Forums are great communication tools for the exchange of ideas, for people teaching others about a specific area of interest, or even for just general social communication. The fact that they are usually so specialized helps get them high up in search results as well as contributing considerably to bodies of knowledge. True, there's a lot of misinformation and putdowns, but this invariably occurs when people communicate. One must learn to take what one learns with a grain of salt.

An Internet forum, also know as a message board, is an online discussion website where people can converse, argue, inform, teach, or bitch in the form of posted messages. Chat rooms deliver messages in real-time but with forums, getting new messages requires the page to be reloaded (F5). And depending on the forum set-up, a posted message might need to be approved by a moderator before it shows up on the forum. Forums call a single conversation a thread. A forum is hierarchical in structure. From highest to lowest: forum, subforum, topic, thread, and reply. Depending on the forum set-up, users can be anonymous or have to register. Users have to login to post messages. Usually you don't have to login to read the existing messages.

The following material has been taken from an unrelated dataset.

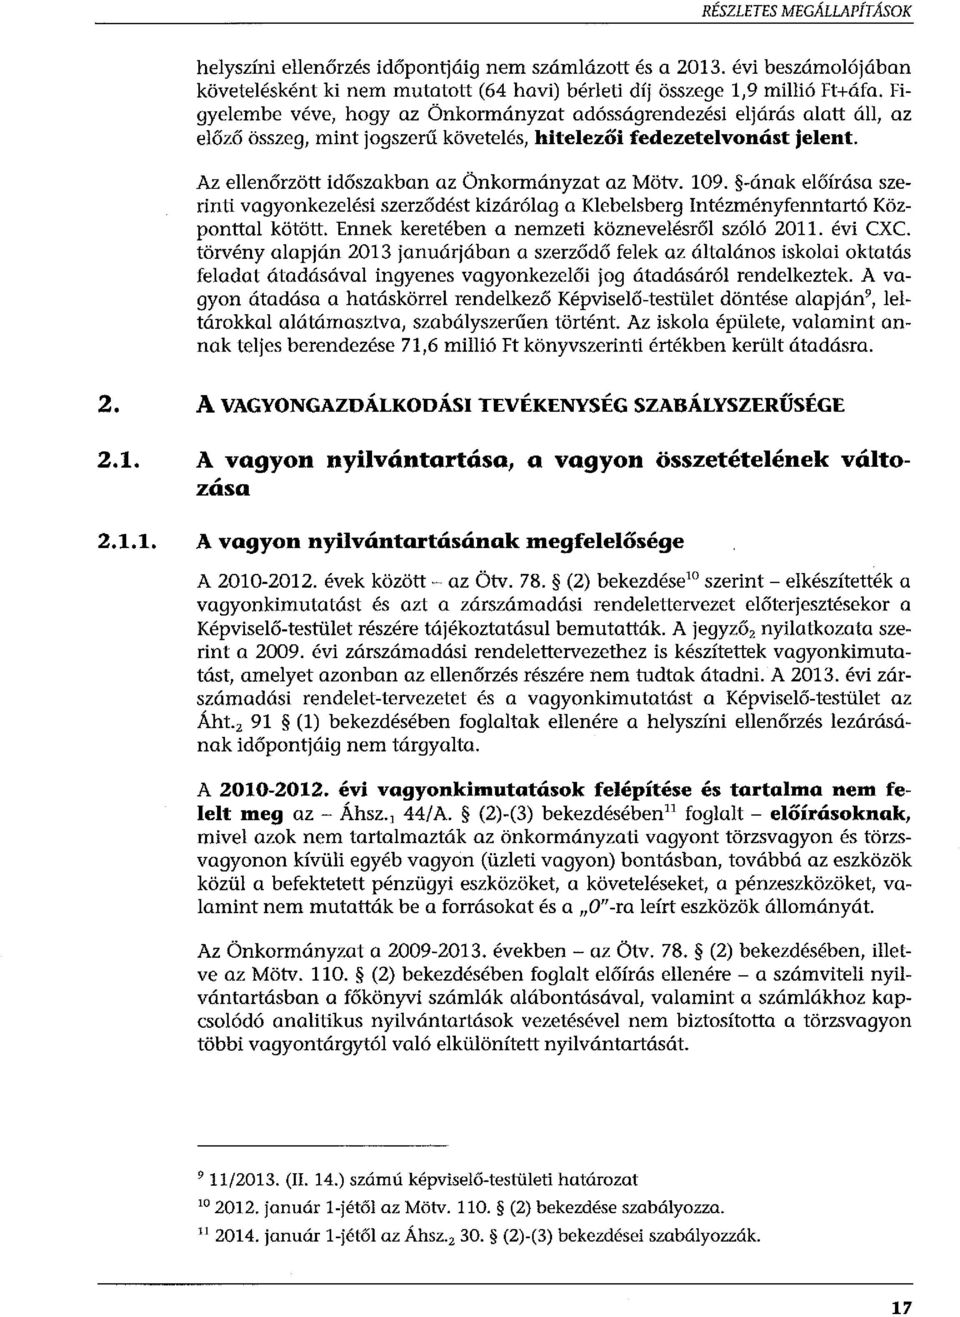 109. -ának előírása szerinti vagyonkezelési szerződést kizárólag a Klebelsberg Intézményfenntartó Központtal kötött. Ennek keretében a nemzeti köznevelésről szóló 2011. évi CXC.

Content Management System: Forums

• forum: home page
• forum: search
• forum: login
• forum: topic and replies viewing page
• forum: add topic to database
• forum: add reply to database
• forum: edit topic in database
• forum: create topic in database
• forum: delete topic in database
• forum: delete reply in database
• forum: delete user account in members table

The forum home page on this website has the complete list of topics and each topic is a link to the forum topic and replies viewing page, whose script code can be found below. Depending on which topic was clicked, its corresponding id will be sent via query string (along with the username) to the forum topic and replies viewing page and only this topic and its replies will be visible on this viewing page. For other topics, you must return to the forum home page from a Return to Forum link on the forum topic and replies viewing page.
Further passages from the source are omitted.